What happens when medical technology advances without taking human diversity into account? Koppes points to the example of the pulse oximeter, a device that measures blood oxygen levels using light absorption. Though they’ve become ubiquitous in hospitals and doctors’ offices, studies have shown their accuracy to be inconsistent when used on darker-skinned people, possibly contributing to increased mortality among nonwhites during the COVID-19 pandemic. Consequences like this are reason enough for Koppes to dedicate her time and effort to increasing diversity, whether in her department or in her field at large, serving on the diversity committee of the Biomedical Engineering Society.
Support for Success
Koppes is aware that, as a woman, she herself represents another variation in the roles of engineering researchers, professors, and principal investigators, long played chiefly by men. It’s one reason she strives for diversity in her lab and helps foster it at the university level through networking and mentoring efforts, such as a ‘mastermind’ group for women faculty.

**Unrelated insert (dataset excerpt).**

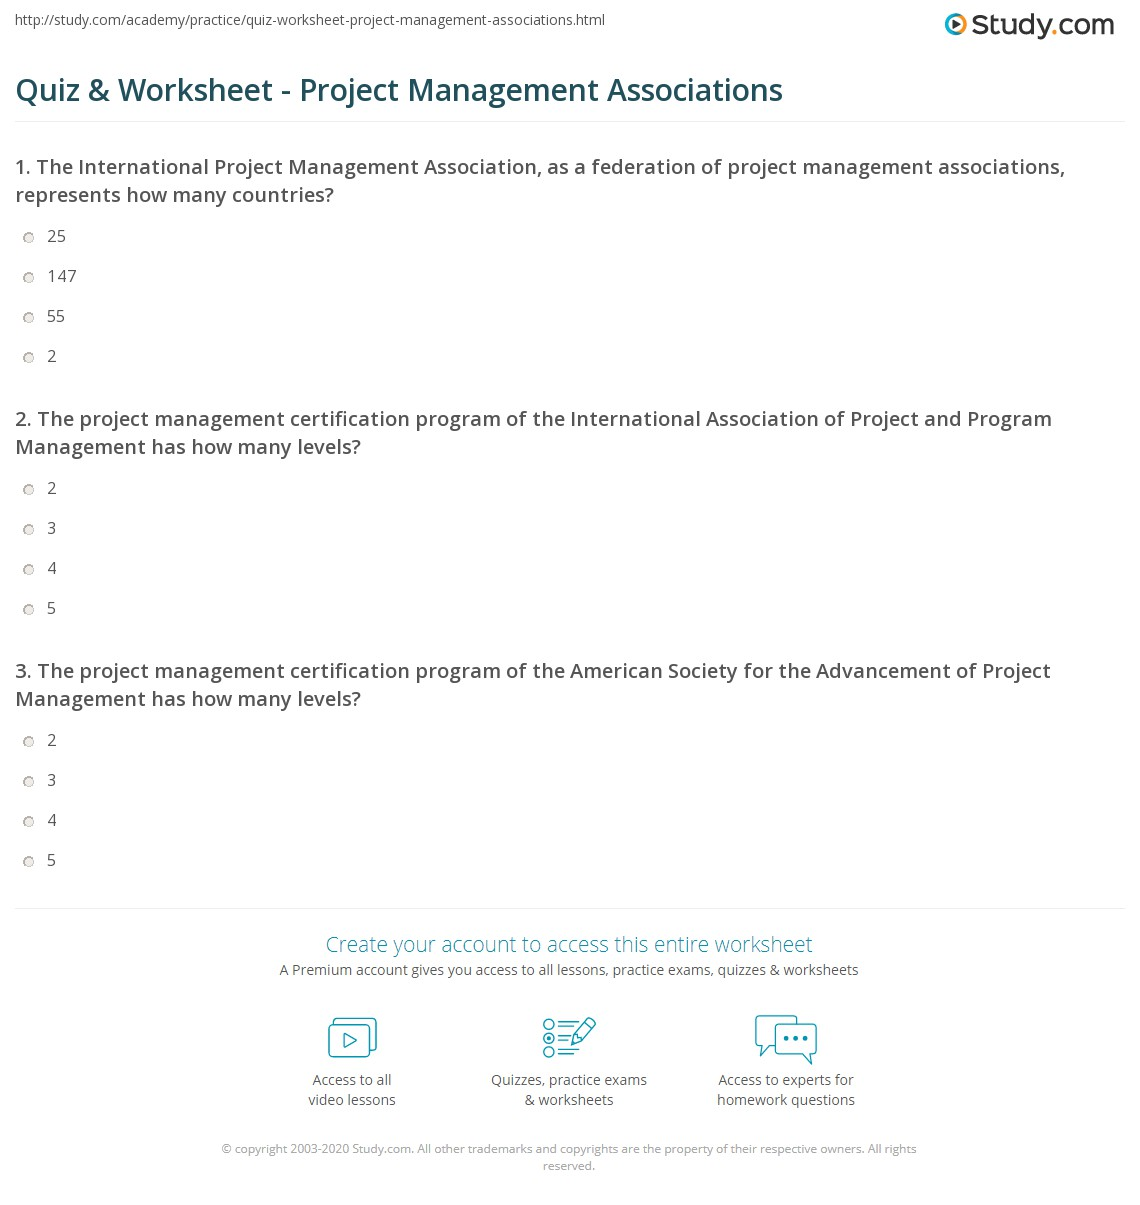 Quiz Worksheet Project Management Associations Study
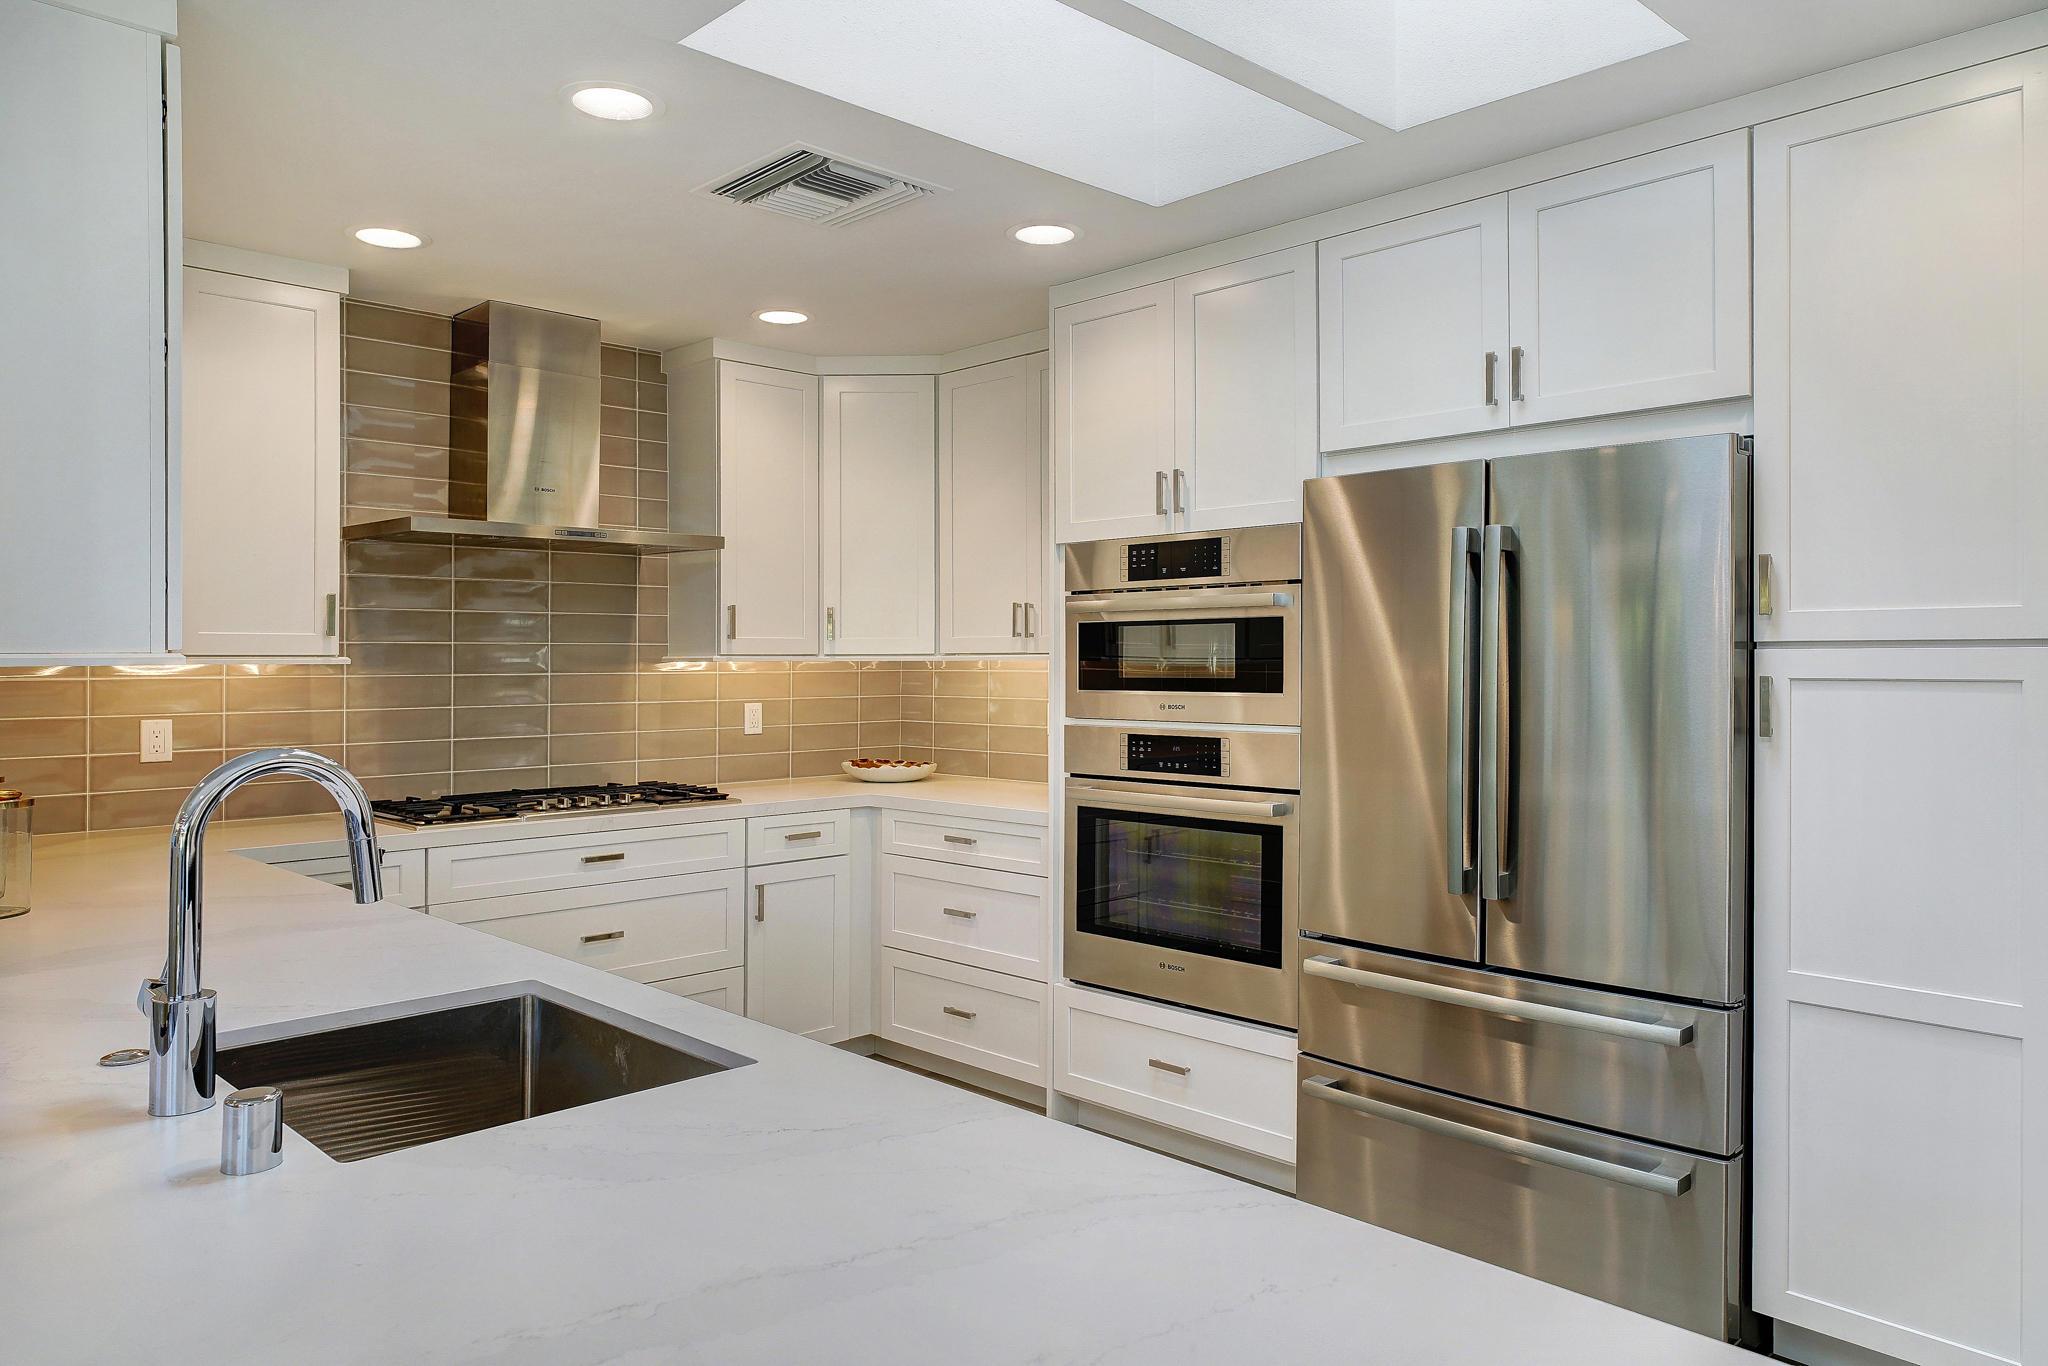 50 Princeton Drive, Rancho Mirage, California 92270, 3 Bedrooms Bedrooms, ,3 BathroomsBathrooms,Residential,For Sale,50 Princeton Drive,219038951

“There was a group of us that were all pre-tenure at the time,” she says, recalling the Mutual Mentoring Advancement Program funded by Northeastern’s ADVANCE office. “Different departments and different colleges. We would show up with an agenda or problems to discuss. We had a writing workshop in Barnstable in 2021 during the pandemic where we worked on grants and things like that.
“At this point, I think everyone who’s gone through the program has gotten tenure, or they’re going through tenure right now,” she notes, indicating a tangible return on the investment in this kind of peer-to-peer support.
“Being in an environment like that is one of the reasons I wanted to be at Northeastern in the first place.”